What are the benefits of ISO 27001 certification?
For all stakeholders, the key message is one of trust and assurance gained from an externally audited information security management. This offers multiple benefits – for example:
Benefits to your customers
- Trust and assurance in you and your
- Less likelihood of a costly breach
- Reduced cost of supplier onboarding
- Trust and assurance in you and your
Benefits to you
- Protect IP, brand & reputation
- Win more business from new & existing customers
- Reduce cost of sale
- Retain more business
- Improved processes leading to cost & time savings
- Avoid fines from regulatory non-compliance (such as GDPR)

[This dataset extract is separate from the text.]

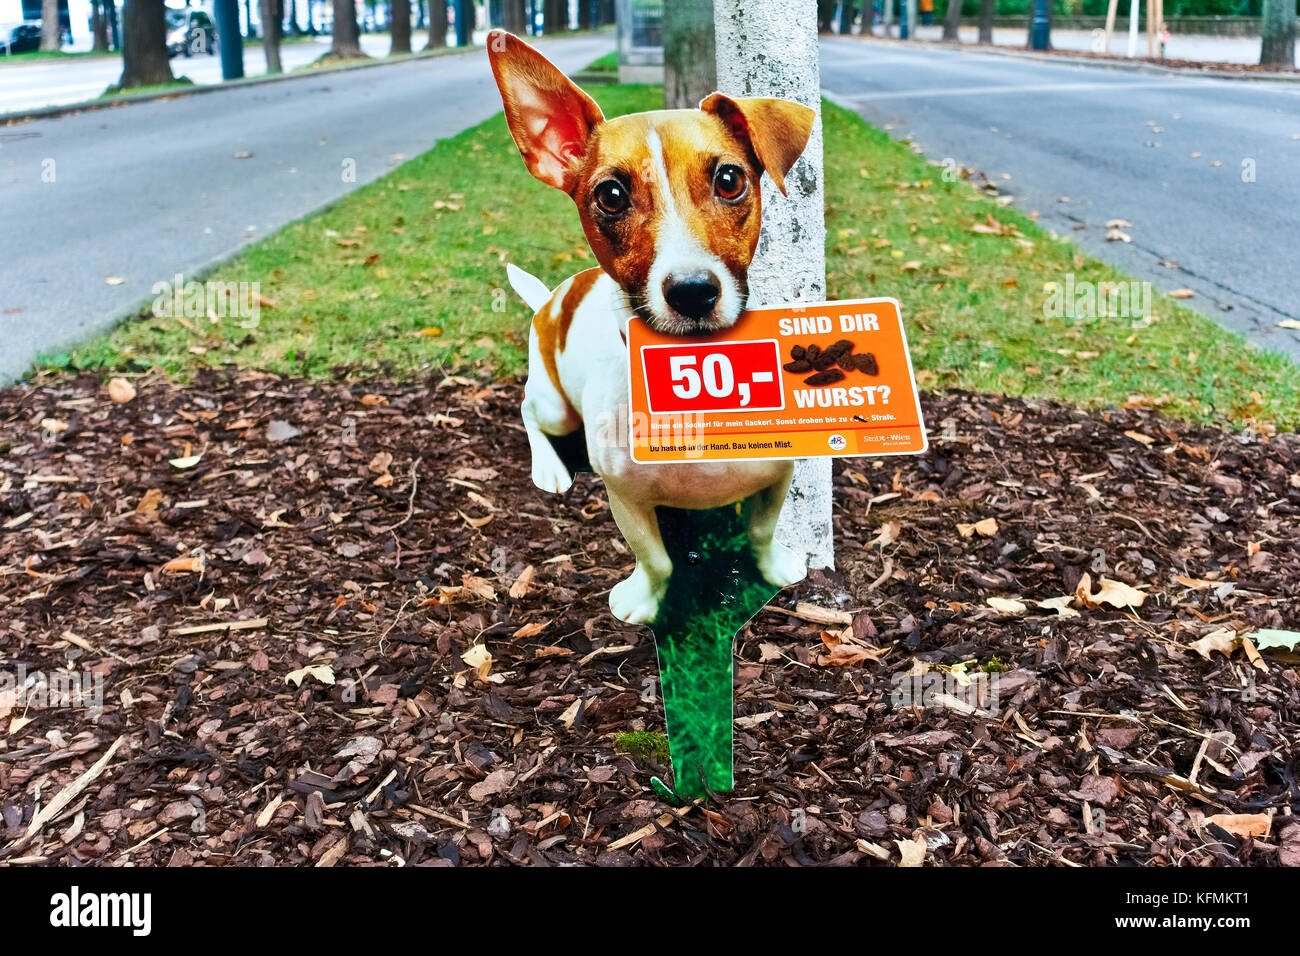 Schild Warnung Hundebesitzer der 50 Euro Geldstrafe für nicht entfernen Hundeabfall. Stadtpark. Wien, Österreich, Europa, Europäische Union, EU. Stockfoto

- Avoid civil suits resulting from a data breach
- Avoid costs of remedial action resulting from incidents and/or breaches
- Attract better staff
Benefits to your staff
- Trust in the organisation’s sustainability
- Training for work (and home security)
- Clarity through policies & procedures
- Pride in the organisation and their role in protecting it
ISO 27001 Certification: Is it worth it?
Doing nothing is probably not an option if you are accessing and managing valuable information assets owned by others. For some organisations their whole business is built on developing or managing information assets. So in that case, losing some or all of that business, or not winning more in future probably means it’s worth investing in becoming certified, especially if customers or other stakeholders like investors perceive a risk.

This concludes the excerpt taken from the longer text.